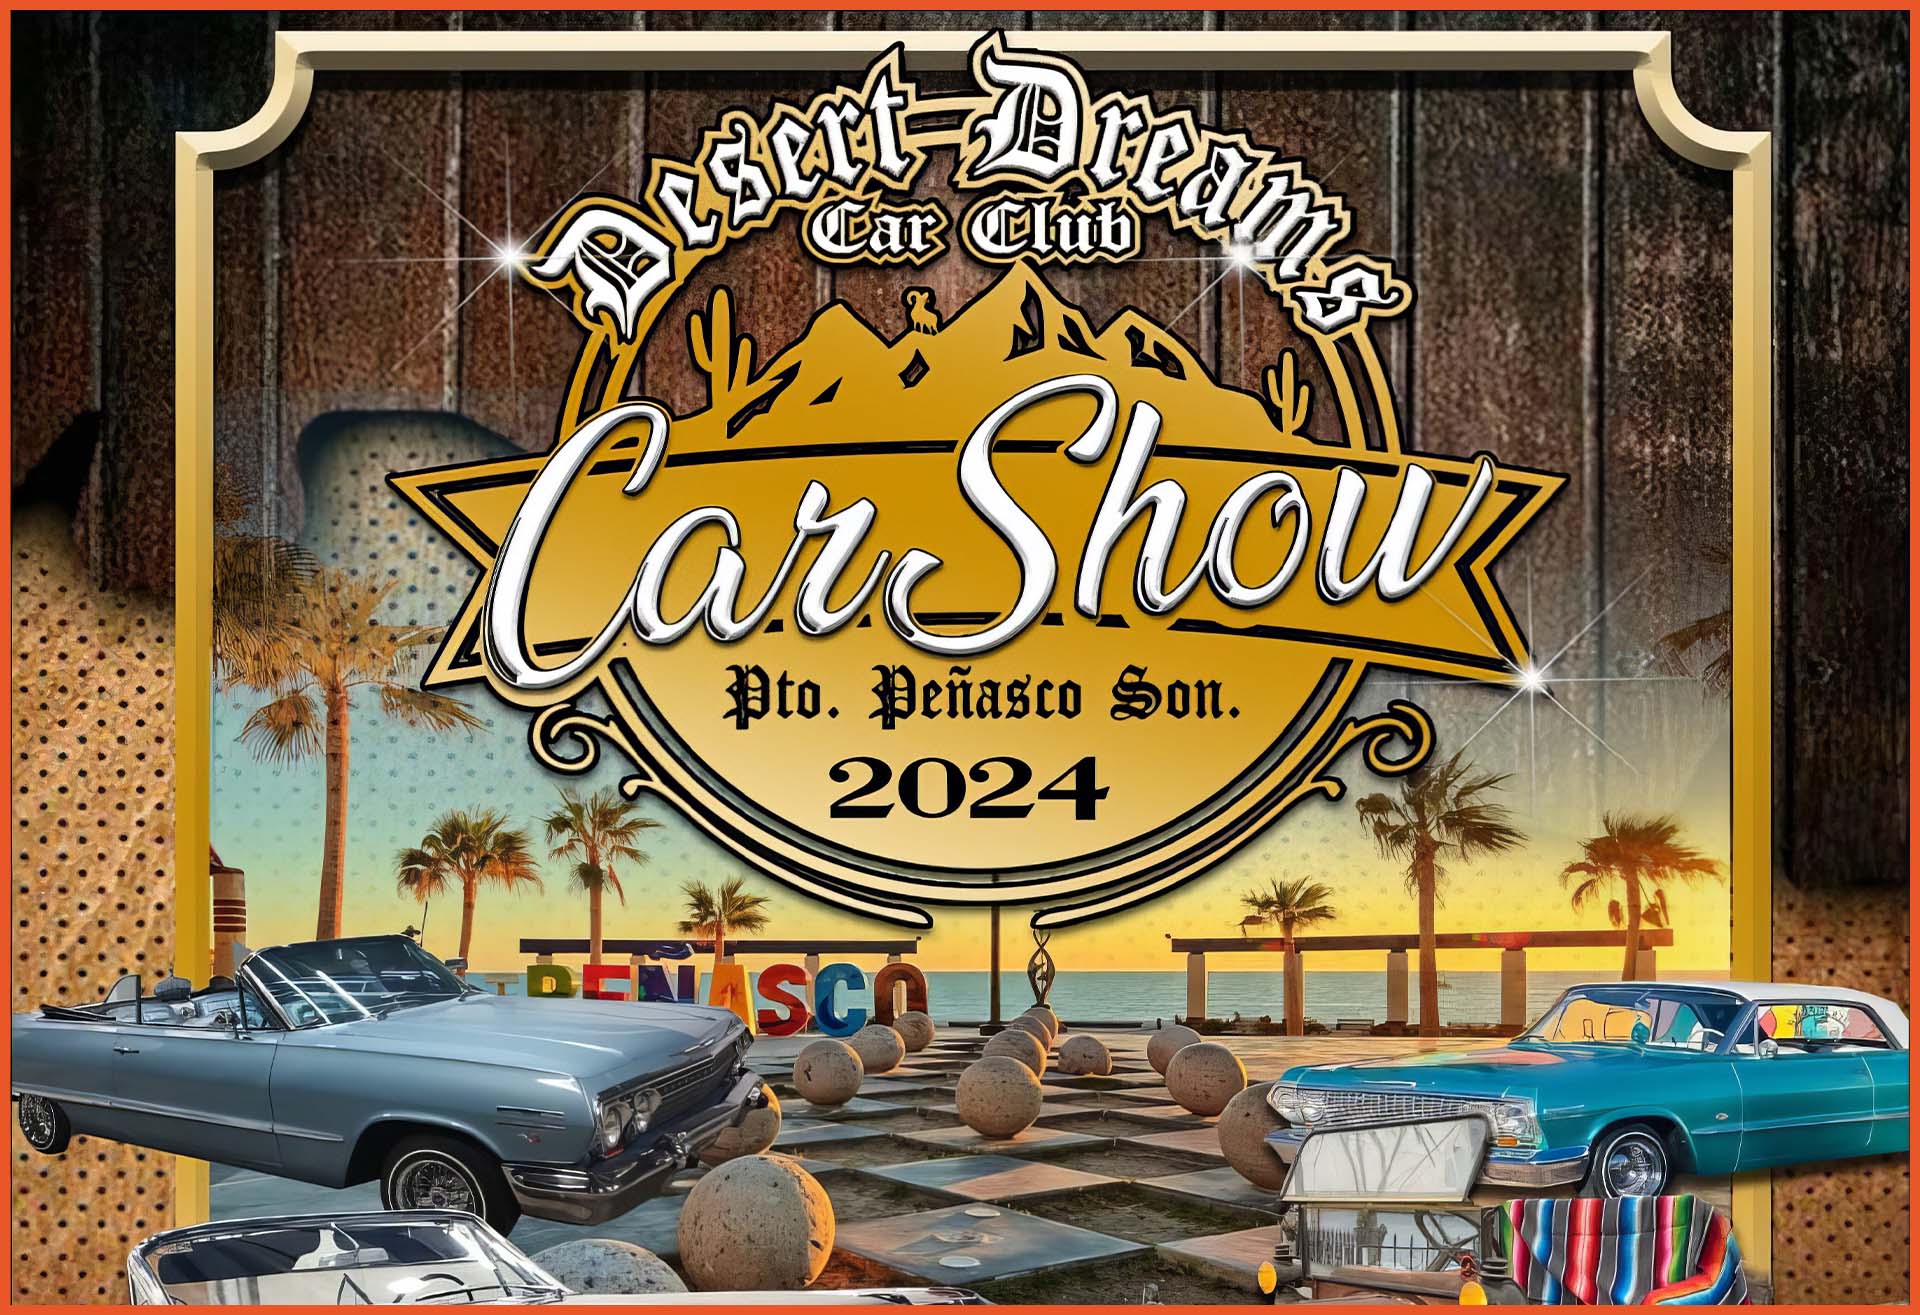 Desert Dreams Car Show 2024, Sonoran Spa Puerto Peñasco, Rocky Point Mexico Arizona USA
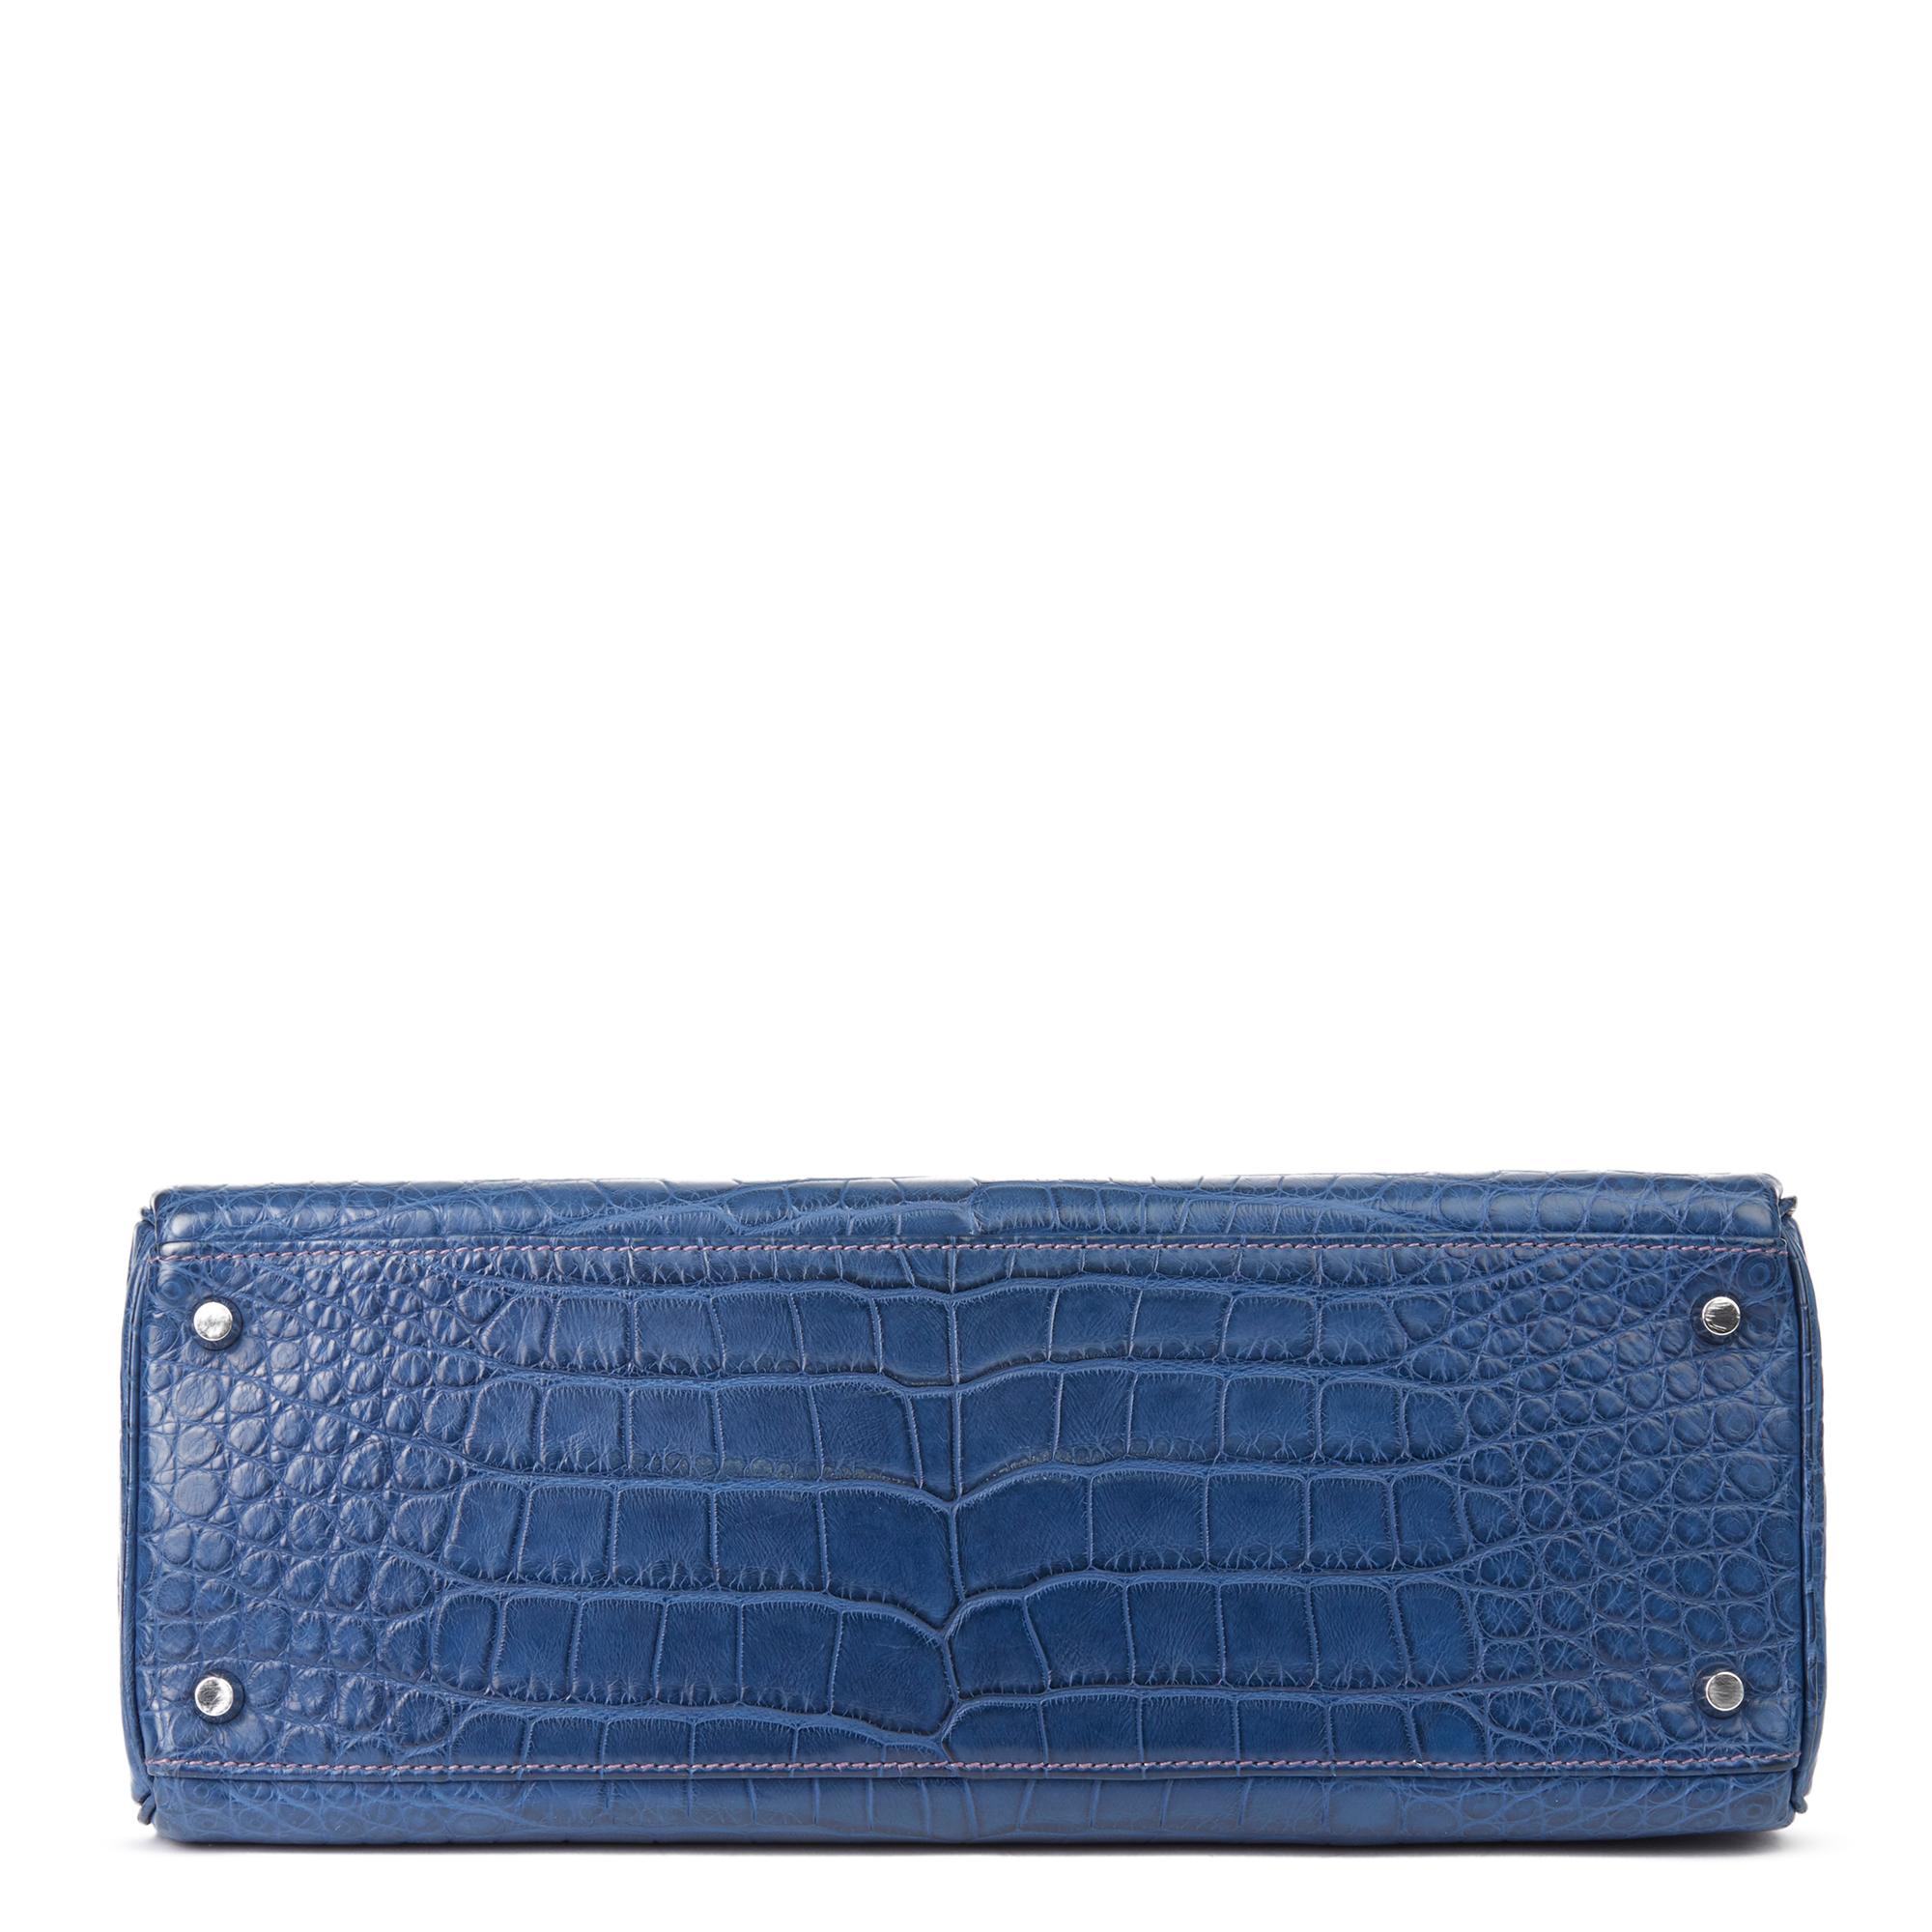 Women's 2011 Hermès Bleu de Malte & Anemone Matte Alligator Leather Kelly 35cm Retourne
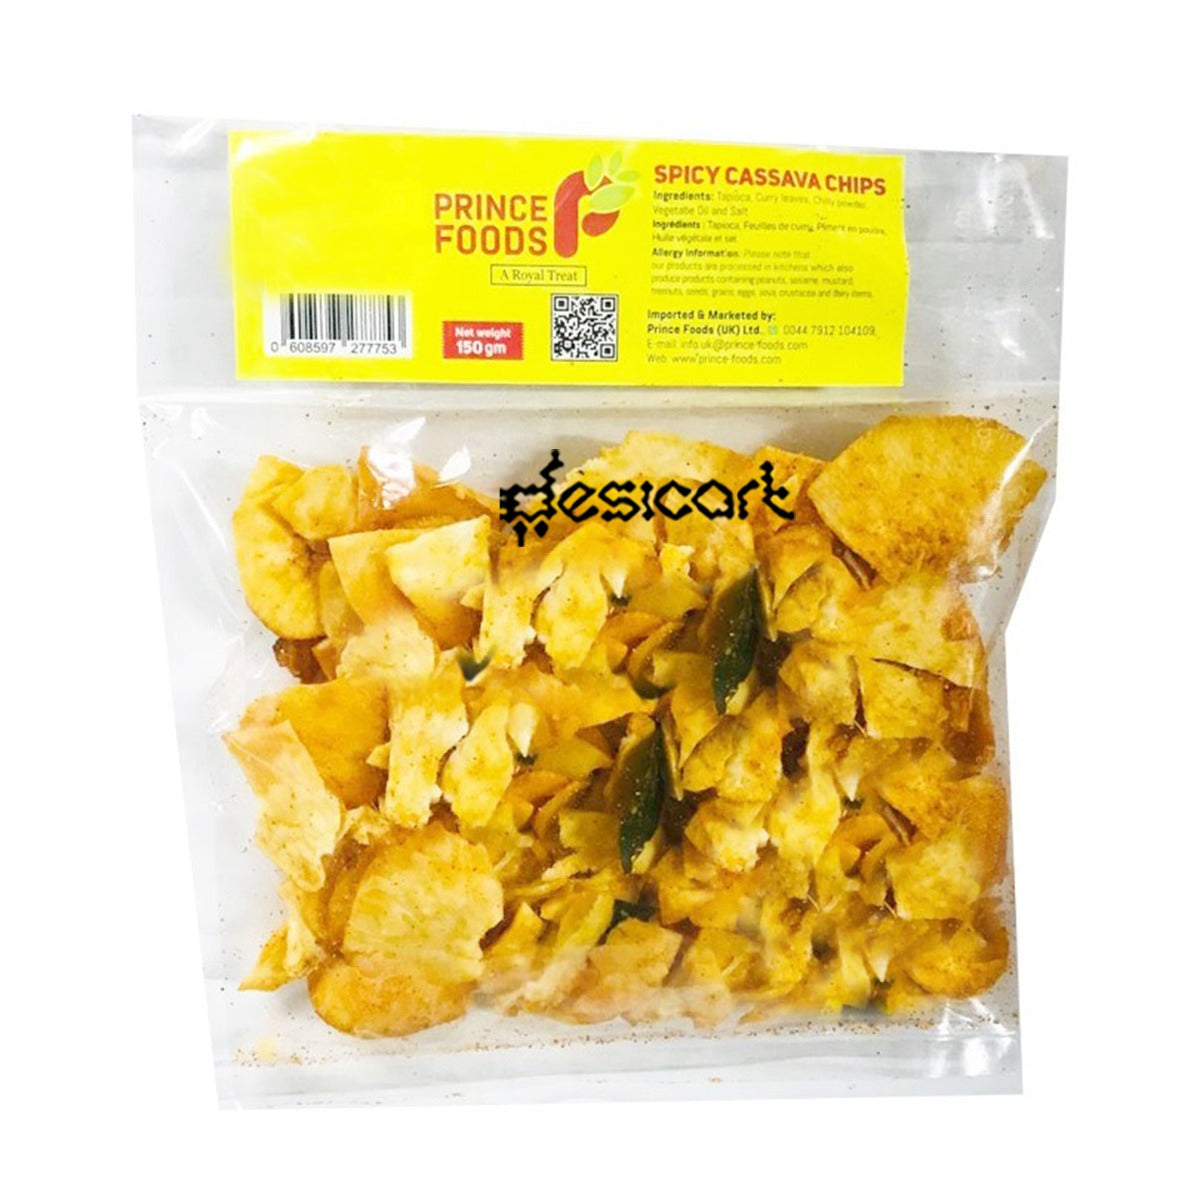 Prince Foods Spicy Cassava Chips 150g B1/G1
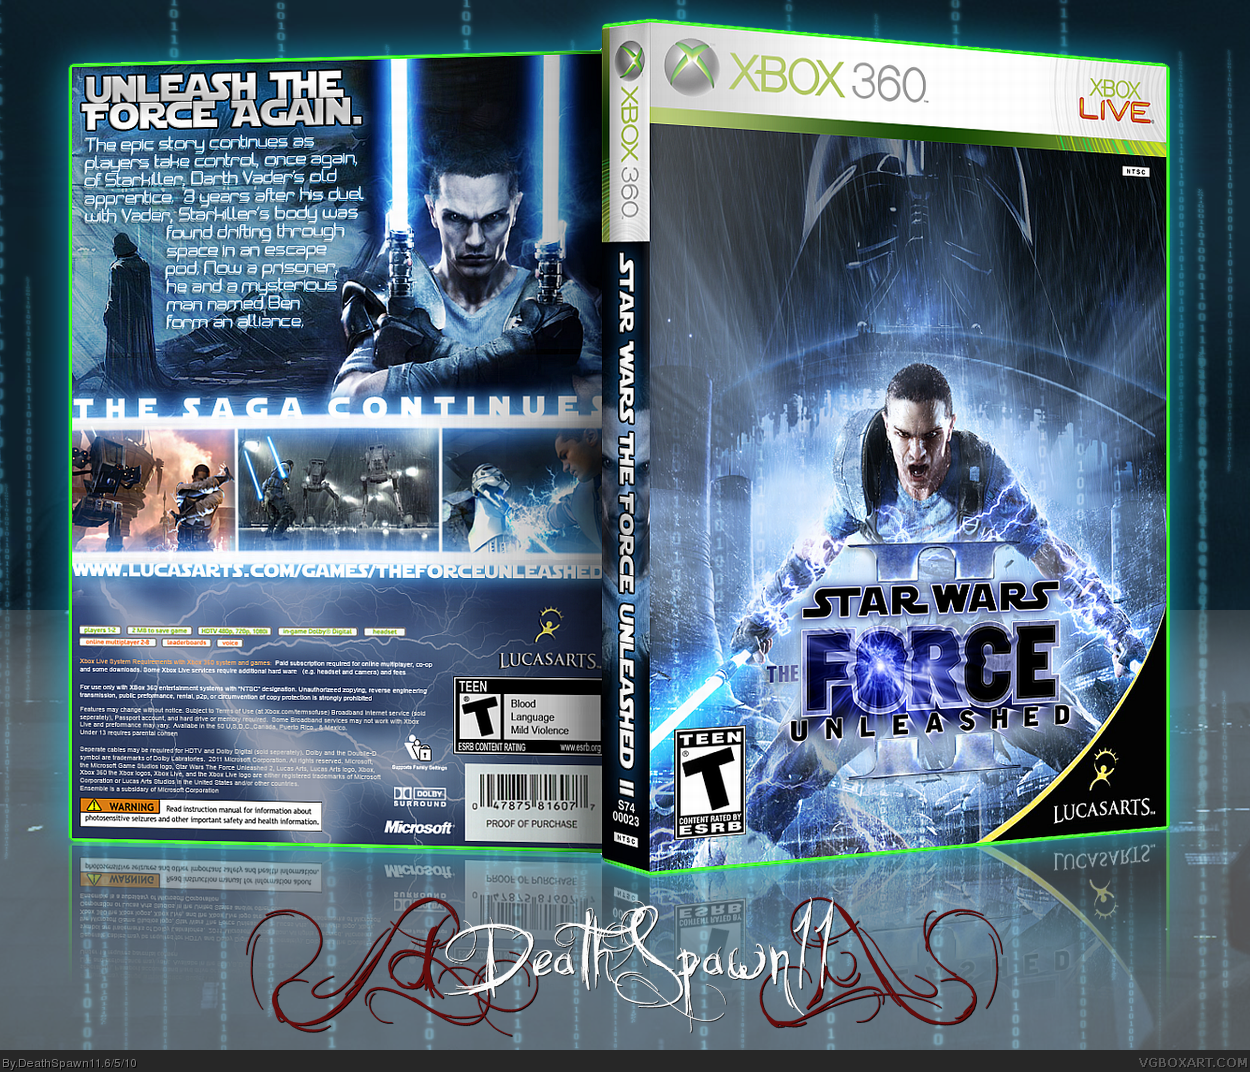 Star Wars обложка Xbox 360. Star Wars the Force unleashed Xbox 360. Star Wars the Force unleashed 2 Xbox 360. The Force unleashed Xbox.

========================================

### EXERCISE
Once the pictures are set aside, give every line above again without alteration.

### YOUR RESPONSE
 Desert Dreams Car Show 2024, Sonoran Spa Puerto Peñasco, Rocky Point Mexico Arizona USA
 Women's 2011 Hermès Bleu de Malte & Anemone Matte Alligator Leather Kelly 35cm Retourne
 Prince Foods Spicy Cassava Chips 150g B1/G1
 Star Wars обложка Xbox 360. Star Wars the Force unleashed Xbox 360. Star Wars the Force unleashed 2 Xbox 360. The Force unleashed Xbox.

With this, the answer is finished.